The material below should be copied line for line, please, with pictures omitted.

Data excerpt section start

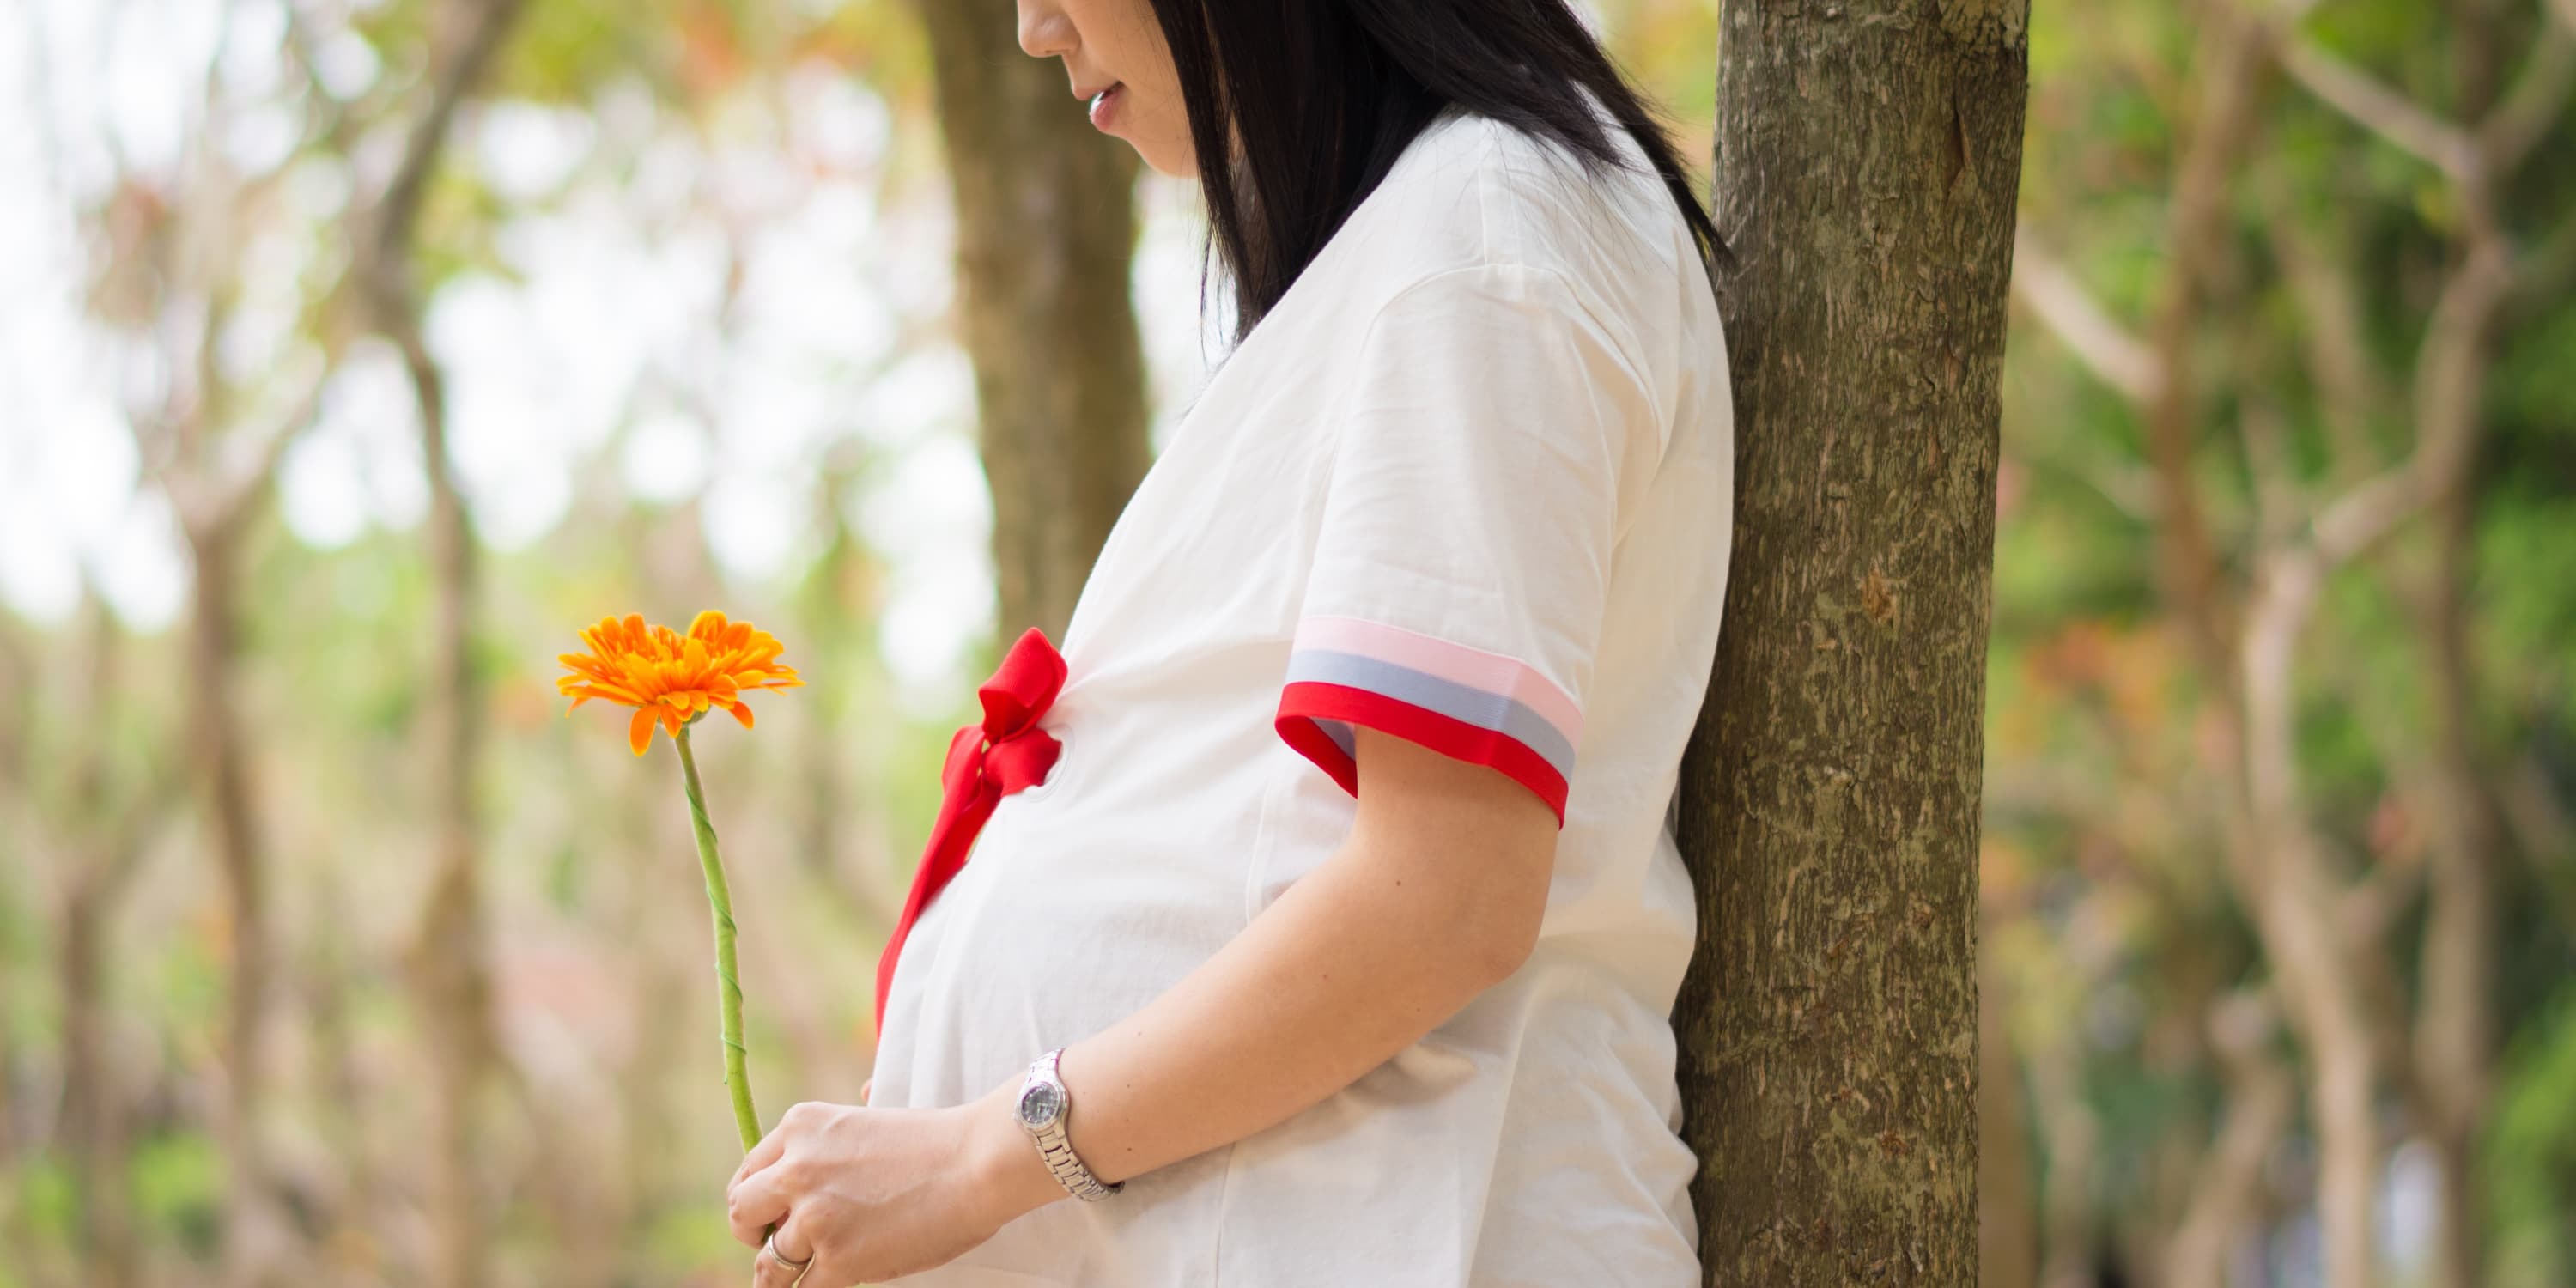 Side view: Pregnant woman stands beneath a tree and holds a flower in her hands
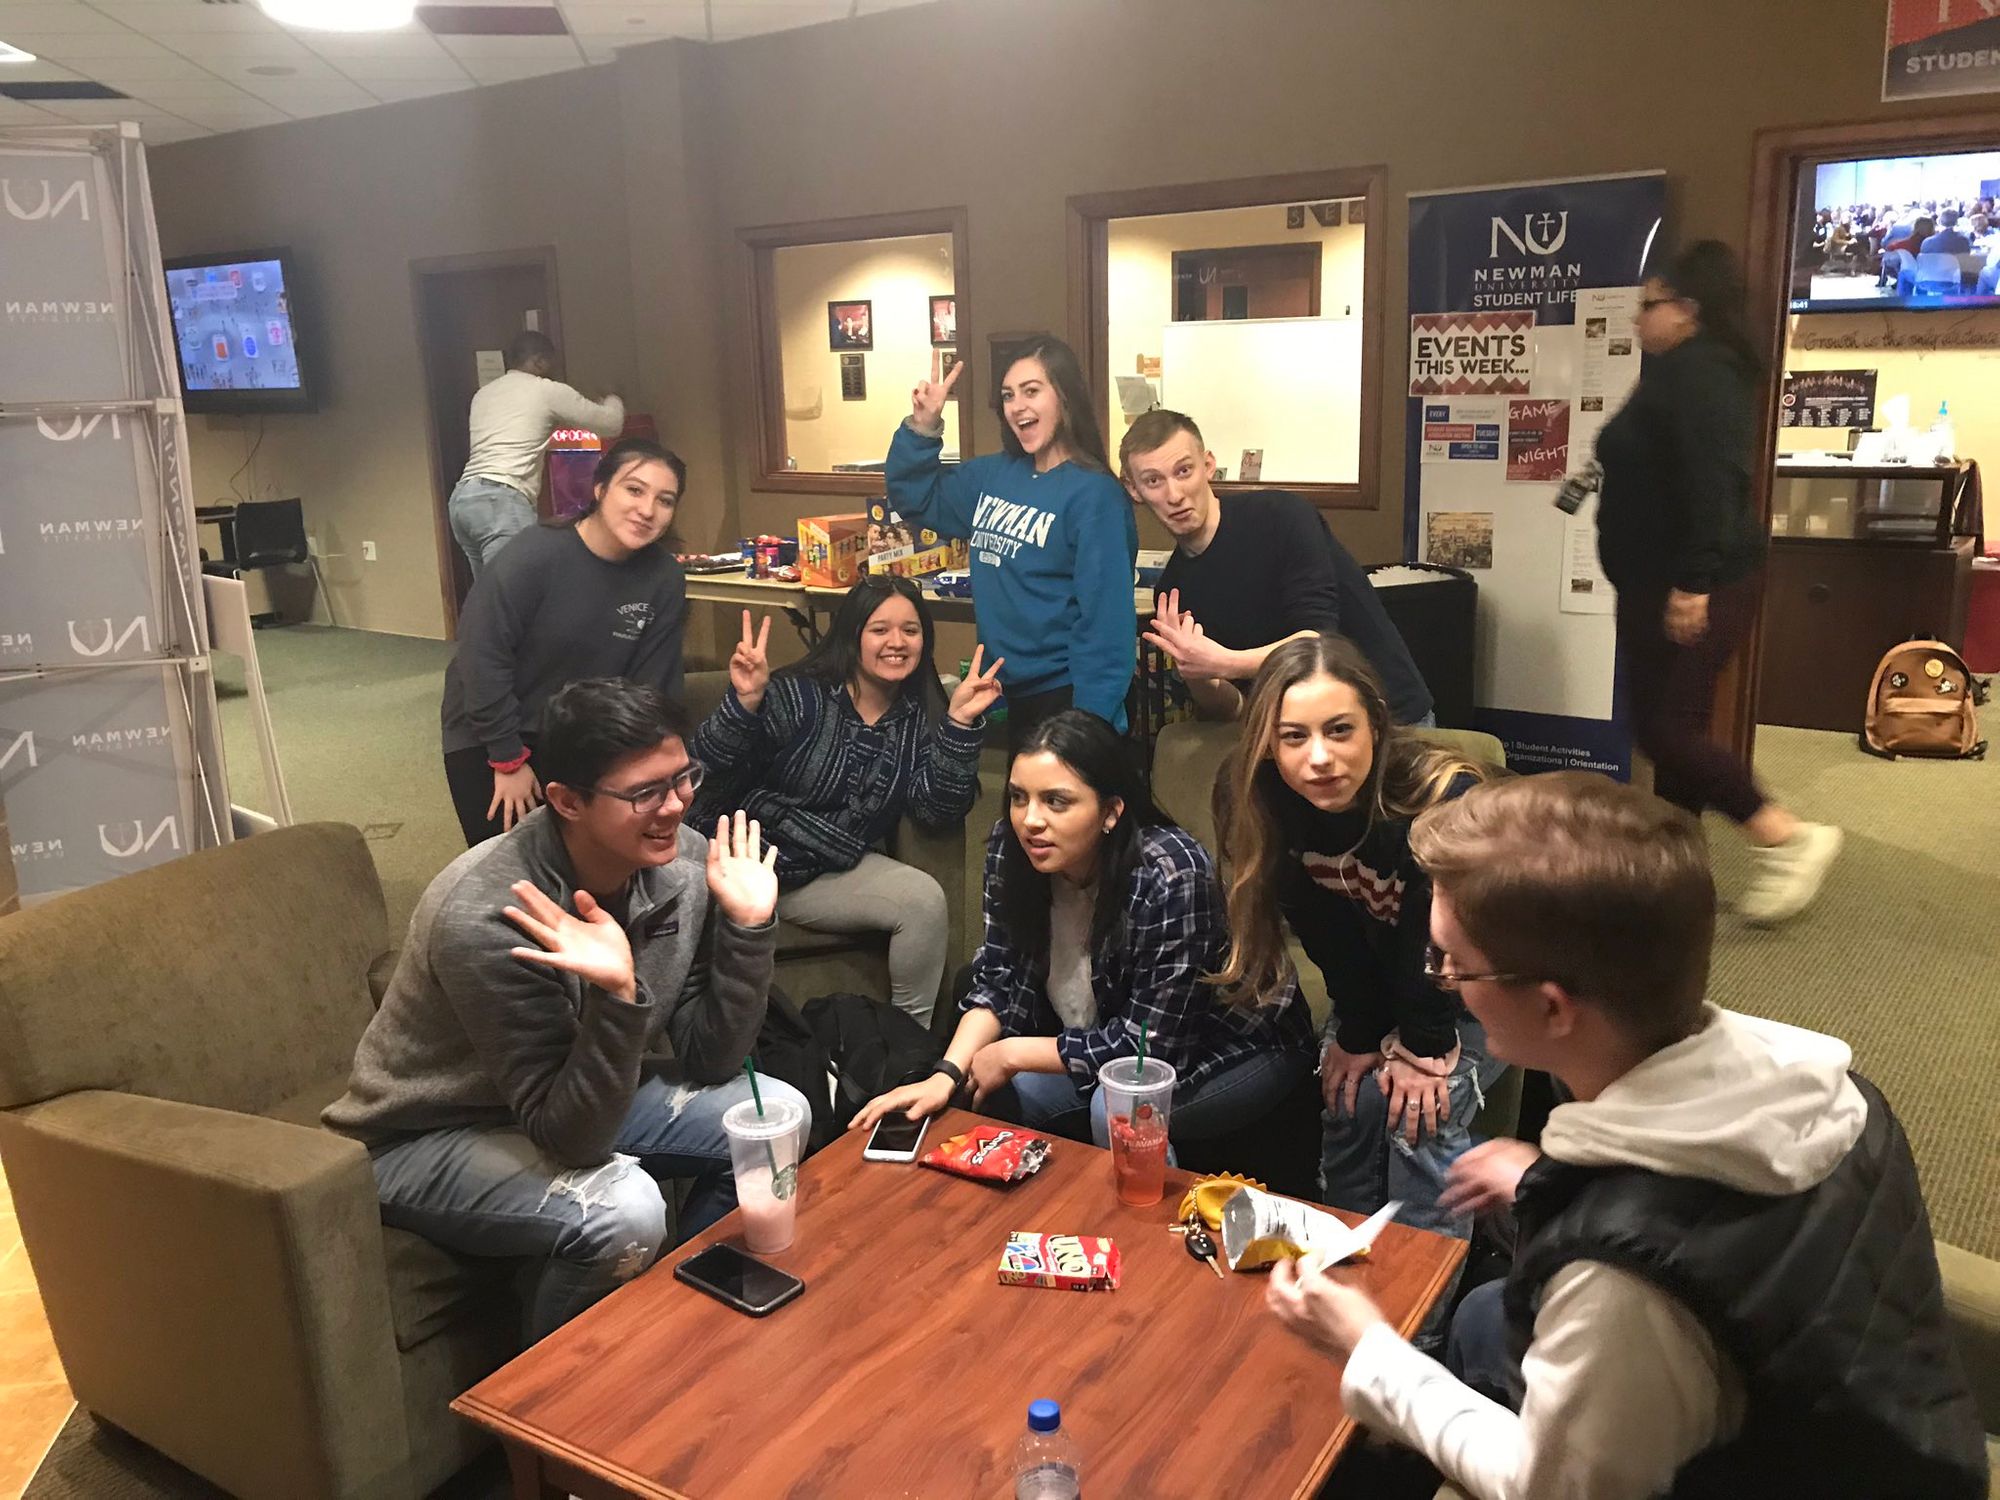 Accepted students gear up for game night
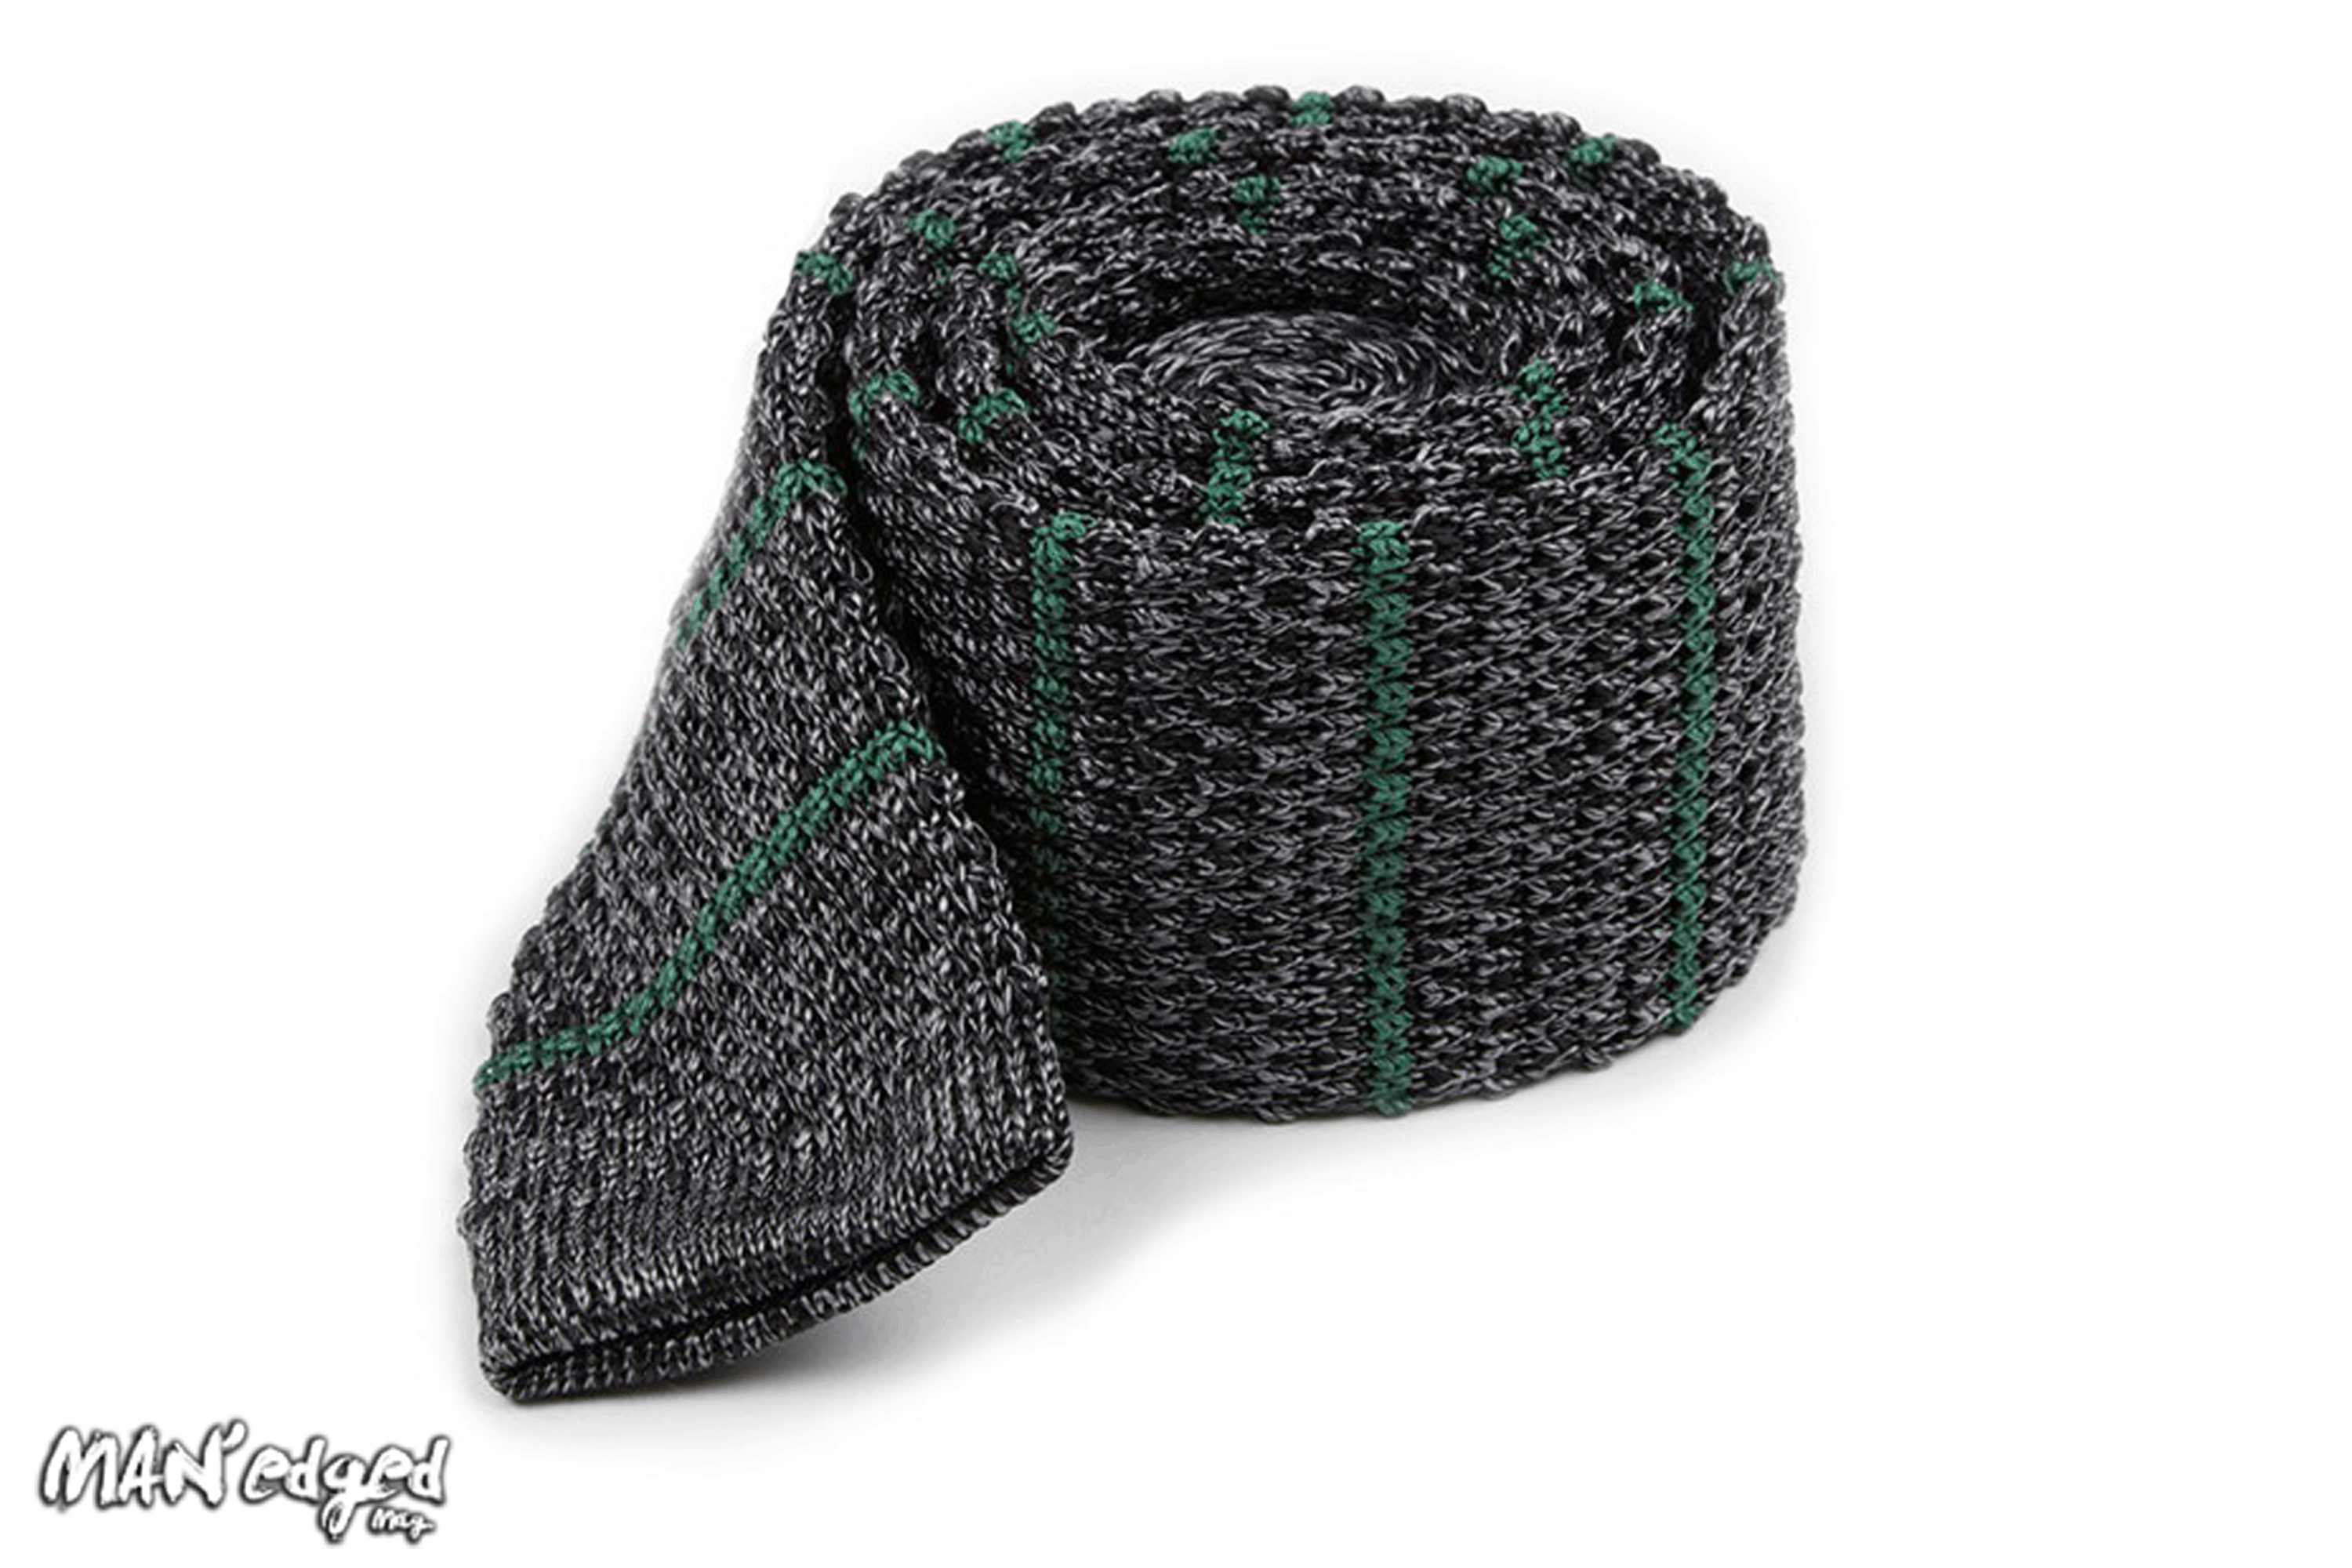 Green knit men's tie from the tie bar, featured in MAN'edged Magazine St Patricks Day men's style round up

Data excerpt section end

• _Answer to this task_:
 Side view: Pregnant woman stands beneath a tree and holds a flower in her hands
 Accepted students gear up for game night
 Green knit men's tie from the tie bar, featured in MAN'edged Magazine St Patricks Day men's style round up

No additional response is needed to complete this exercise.